16. Device Security

Lesson 86/135 | Study Time: 10 Min

Course: IT Professional Diploma

Computing devices are prime targets for cybercriminals who seek to exploit the information. Cybercriminals collect personally identifying information (PII), including:

Government ID numbers.
General information such as birth dates, addresses, email addresses, and phone numbers.
Financial information, such as credit card and bank account numbers.
Account credentials, such as those used to log into e-commerce websites or online banking accounts.

This lesson covers the topic of how to secure devices.

How to Secure Devices

Attempts to compromise PII are becoming more sophisticated every year. Increased sophistication makes attempts difficult to prevent and detect.
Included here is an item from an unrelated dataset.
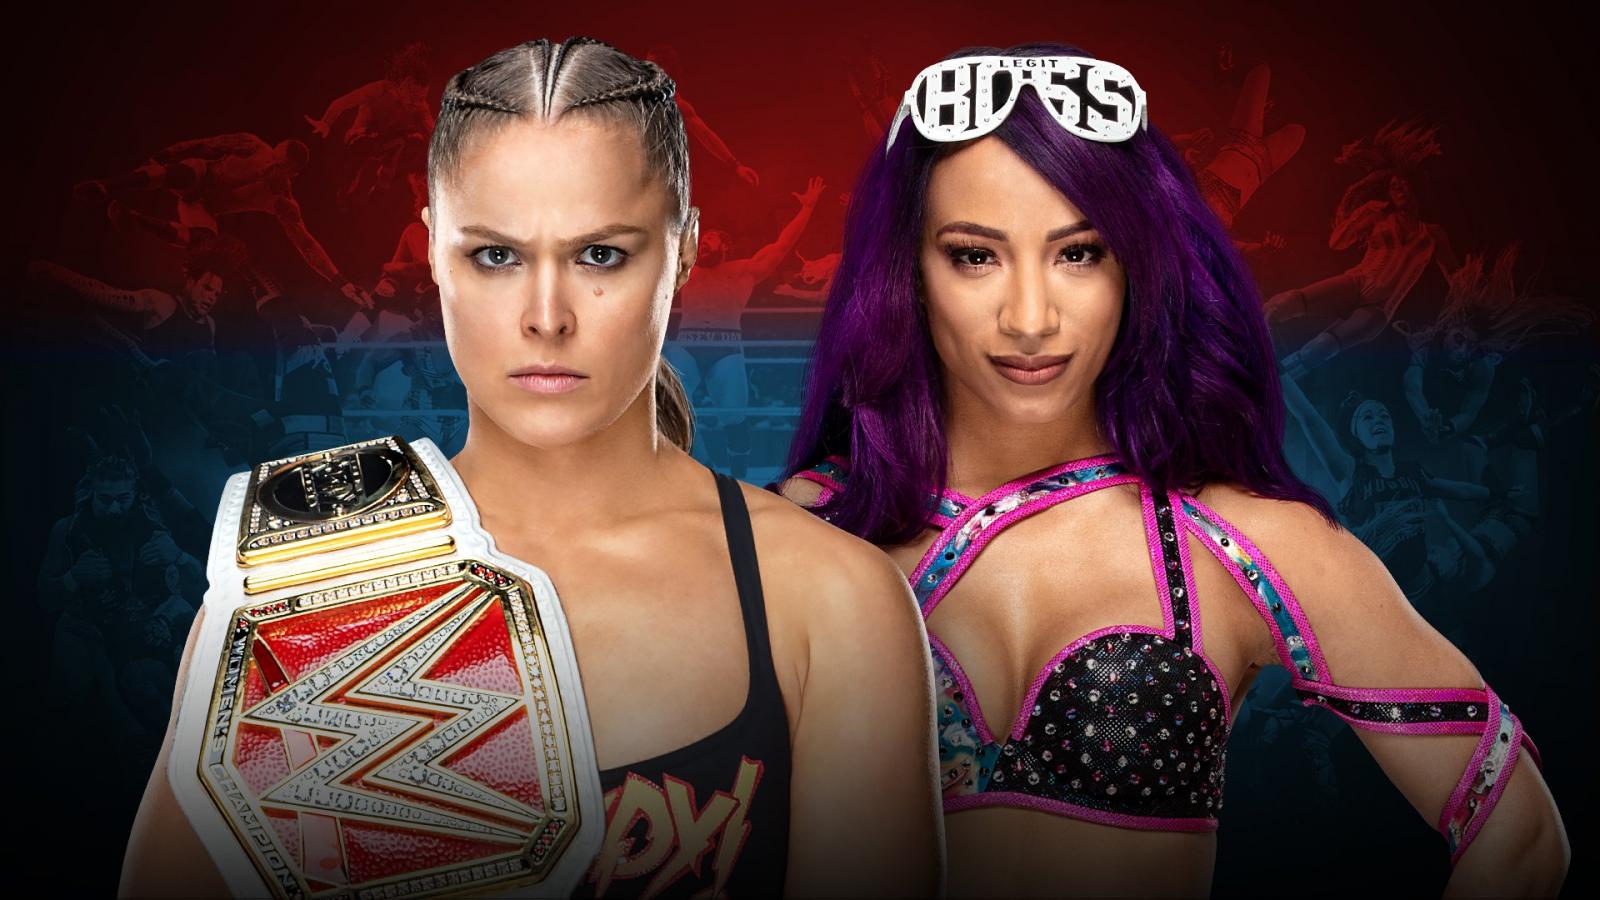 Wwe Royal Rumble 2019 Ronda Rousey Vs Sasha Banks , HD Wallpaper & Backgrounds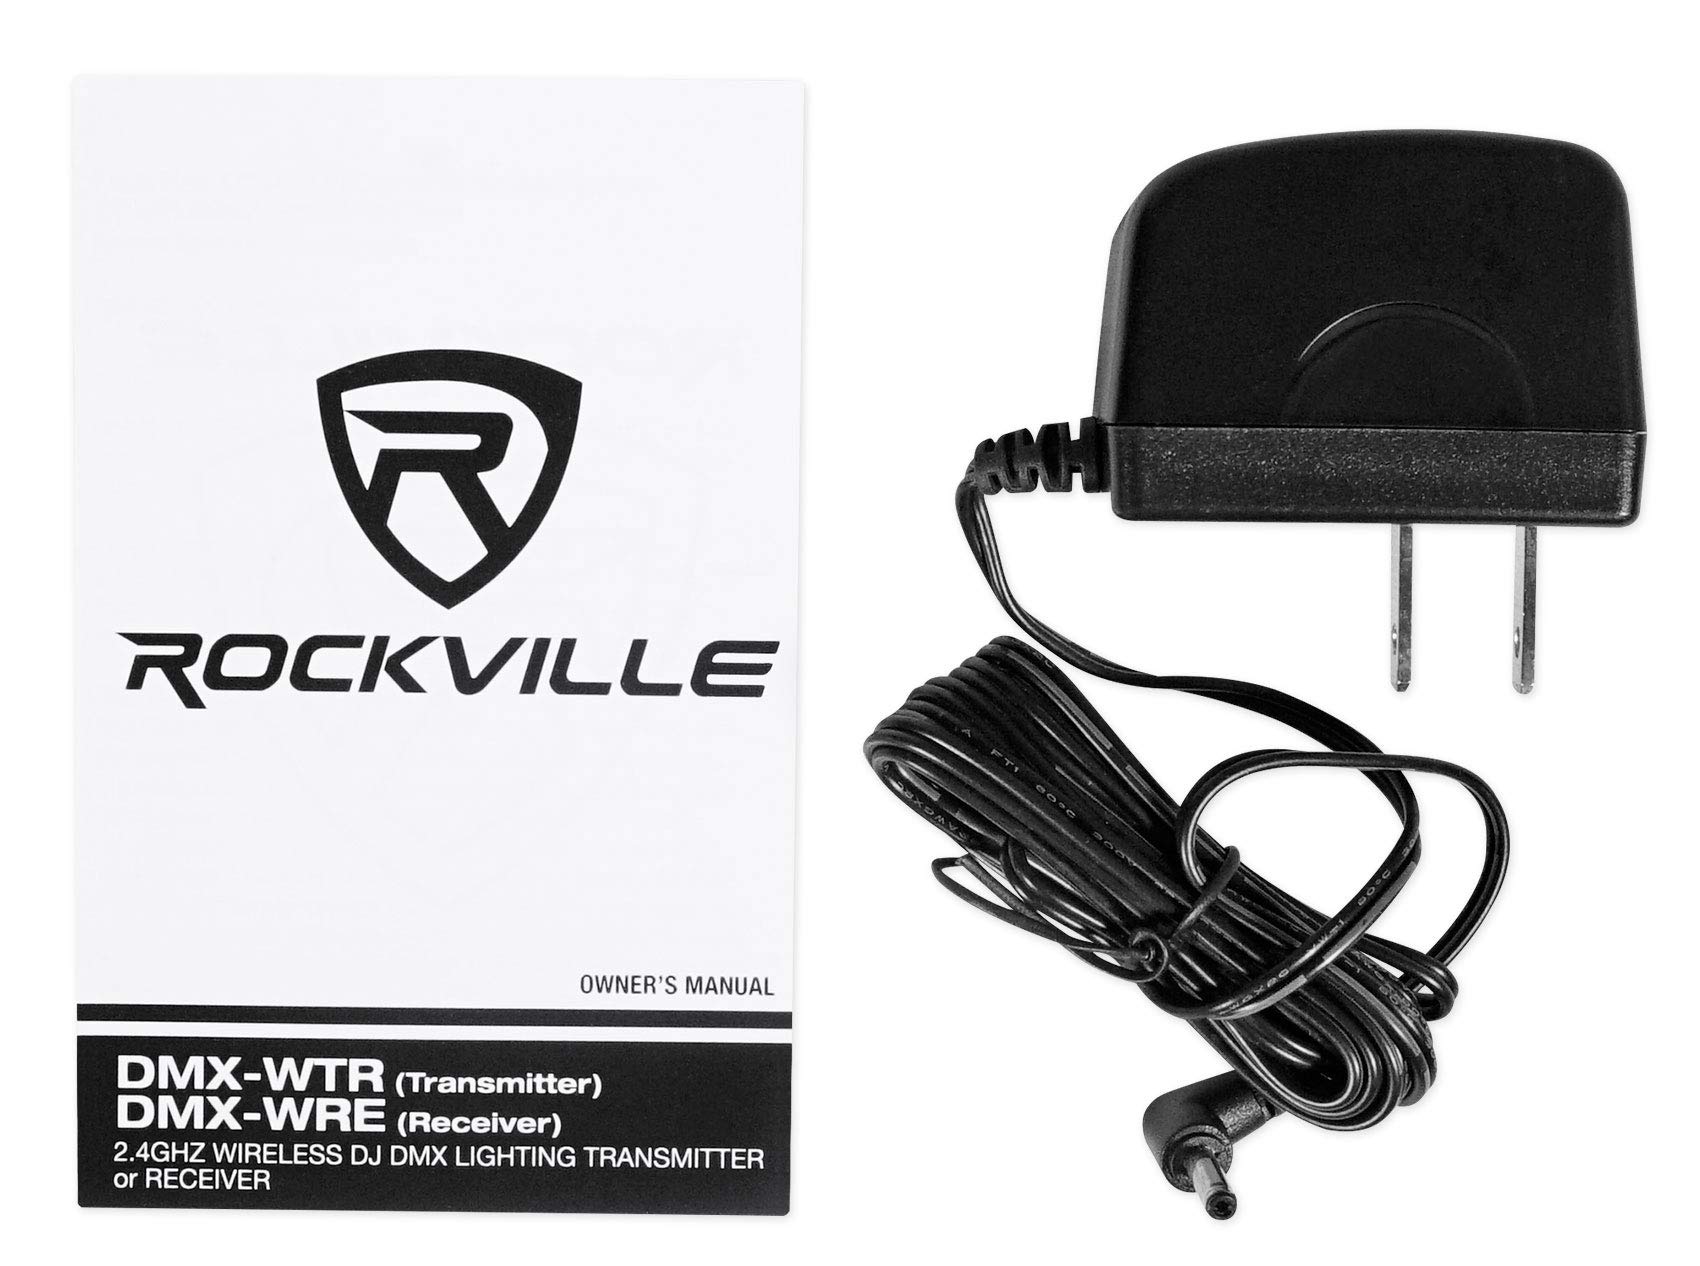 Rockville DMX-WTR Wireless DJ DMX Lighting Transmitter+8) Rechargeable Receivers

The following table describes common device security controls to protect PII.

Table 1: Secure Devices

Term	Description
Device passwords	Wireless access points, routers, and other devices often ship with a default password that an attacker can easily find on the internet. For this reason, it's important to change the default password to something secure. Computing devices such as laptops and smartphones typically give the option of using the device without a password or using another authentication method. While it's convenient to use devices without security, it's a really bad idea. If you lose the device, sensitive data could immediately be in the hands of a stranger.
Firewalls	Firewalls control the flow of network traffic and protect systems from unauthorized network connections. They're configured with a set of rules that define what kind of traffic is allowed and not allowed. For example, if a malicious user on the internet tries to establish a connection to a computer, the firewall identifies it as a violation and blocks the connection. There are two general types of firewalls: Network firewalls are configured at the border of the network, where it connects to the internet. By placing a firewall in this location, it can protect an entire network. Proxy servers can be configured as network firewalls as well. Host firewalls are installed on individual computer systems and protect only that system. For those who run a Windows system, Windows Defender Firewall is enabled by default. There are many third-party host firewalls available as well. To avoid conflicts, be sure to uninstall Windows Defender Firewall if you choose a third-party firewall. Typically, most networks use both types of firewalls. Network firewalls must be purchased and manually installed. Host-based firewalls are usually installed and enabled by default on most computer systems.
Data encryption	Data encryption is the process of translating data into an unreadable form that can deciphered only with a secret key. Windows 10, for example, can encrypt your entire device. This is a form of data encryption at rest. Other technologies provide the ability to encrypt the data when it is being sent to another device, typically over the internet.
Backups	Making a copy of your data, typically on a separate device, is another way to protect your data. This copied data is known as a backup. Having a backup of your data means that if your data is corrupted, you haven't lost your data. You can retrieve the data from the backup.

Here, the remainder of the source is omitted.